The immense pride and love literally felt like my heart had burst. I snuggled her close to my chest and watched Tom cut her cord. We were parents to the most perfect daughter. After this, we were transferred to the bereavement suite to spend time with Nuala and were presented with a lot of information on what happens next.
It was in one of the many leaflets we were handed after Nuala’s birth that I saw the leaflet for Petals. I handed it to Tom and said to him I thought it would be a good thing to do together. He agreed and we followed the instructions and we registered for a place. Tom and I are not strangers to some counselling but doing it together was a new experience, scary and we went in not knowing what to expect. Our first session that matches you with a counsellor was over Zoom. This was tough, reliving everything we had just been through and having someone analyse us so that she could match us with the right help.

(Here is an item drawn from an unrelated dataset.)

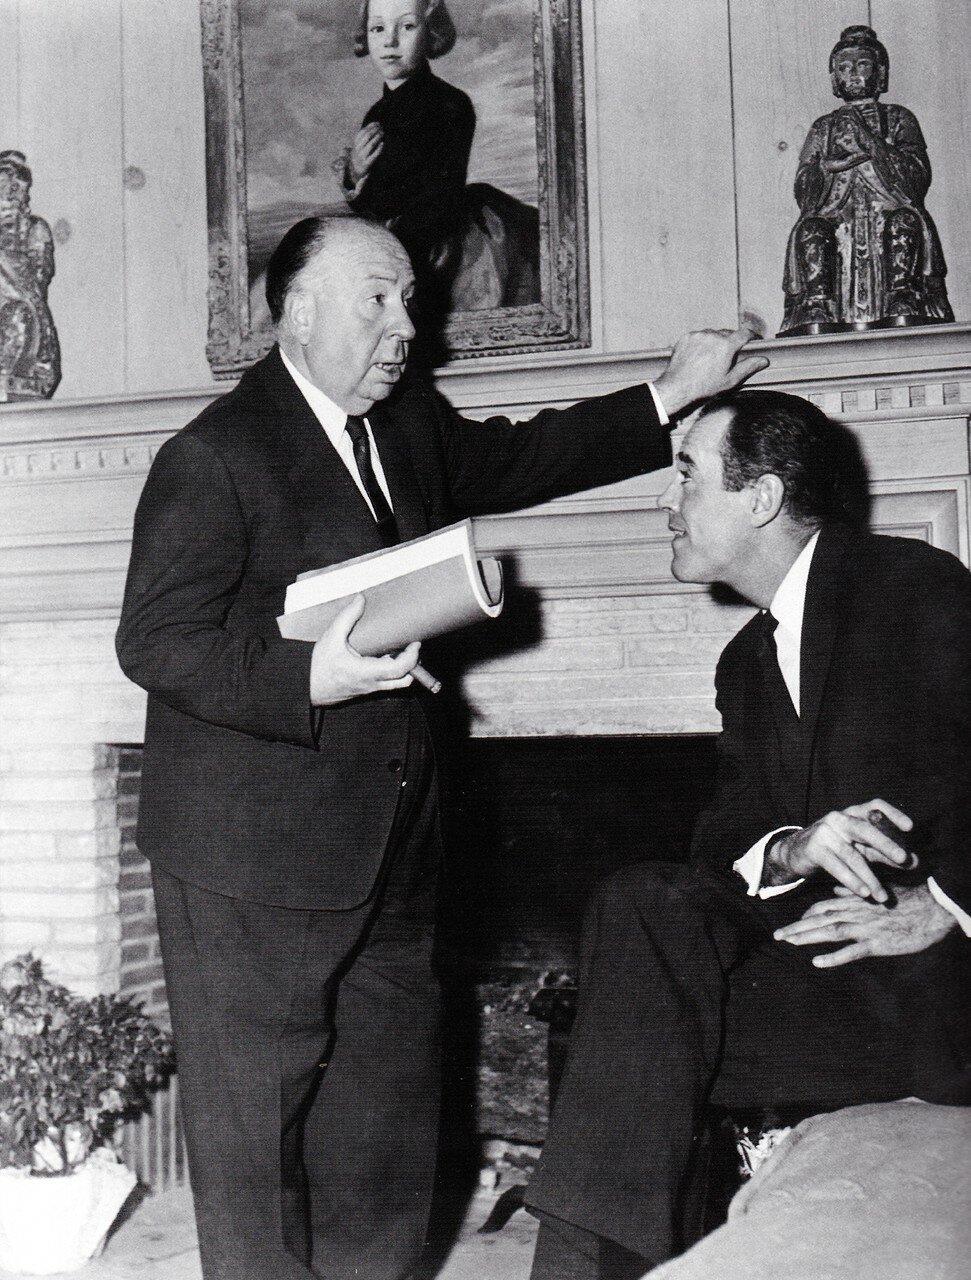 1956. Генри Фонда в гостях у Альфреда Хичкока

However, I think the lady got us within about five minutes of chatting and described us as: “Tom, you look like you want to leave the room and not speak about any of this, Lucy, you look like you are about to break down and cry any moment behind your smile”. I remember thinking, that’s exactly us and that’s why we need this.
We then received an email from our Petals Counsellor, Daniel, we had our first session and although we never spoke about him personally, we just knew he understood us and our emotions. This is the thing we liked about Petals, you get to talk to people specifically trained in baby loss counselling. Unfortunately, some people trained in this have experienced it themselves so they get you, they understand what you might be feeling but they are extremely good at being professional and making you feel safe.
Speaking with Daniel was the first time I’ve seen Tom fully open up about Nuala and his feelings, the ease we both felt sharing our journey and memories of Nuala with Daniel made the sessions flow and fly by. Daniel would always start and end with conversations about football, something both Tom and I appreciated to ease us in and finish off some tough sessions, just feeling normal.
A few months into our session we found out we were expecting again and Daniel was one of the first people we told. We needed this to happen as part of our journey and he recommended us for pregnancy after loss counselling when we had finished our baby loss counselling. We made use of these sessions when we needed them during the pregnancy and after the birth of our rainbow, Ariya.
As our way of giving back we set up “Nuala’s Gift” a team on just giving to raise money in Nuala’s memory to support the wonderful charities that have supported us, we have raised over £30,000 in a year with over £15,000 going to Petals all raised through various events such as an interactive horse race night, Tom completing Brighton Marathon and Tom and Nuala’s Uncle Rob along with friends walking the Yorkshire Three Peaks in a day.
We can’t thank Petals and Daniel enough for the incredible work that they do for the baby loss community. Without your support, there would be many families left hopeless. Your tireless work makes life that little bit easier and more manageable for families like ours. We will be forever grateful for your wonderful services.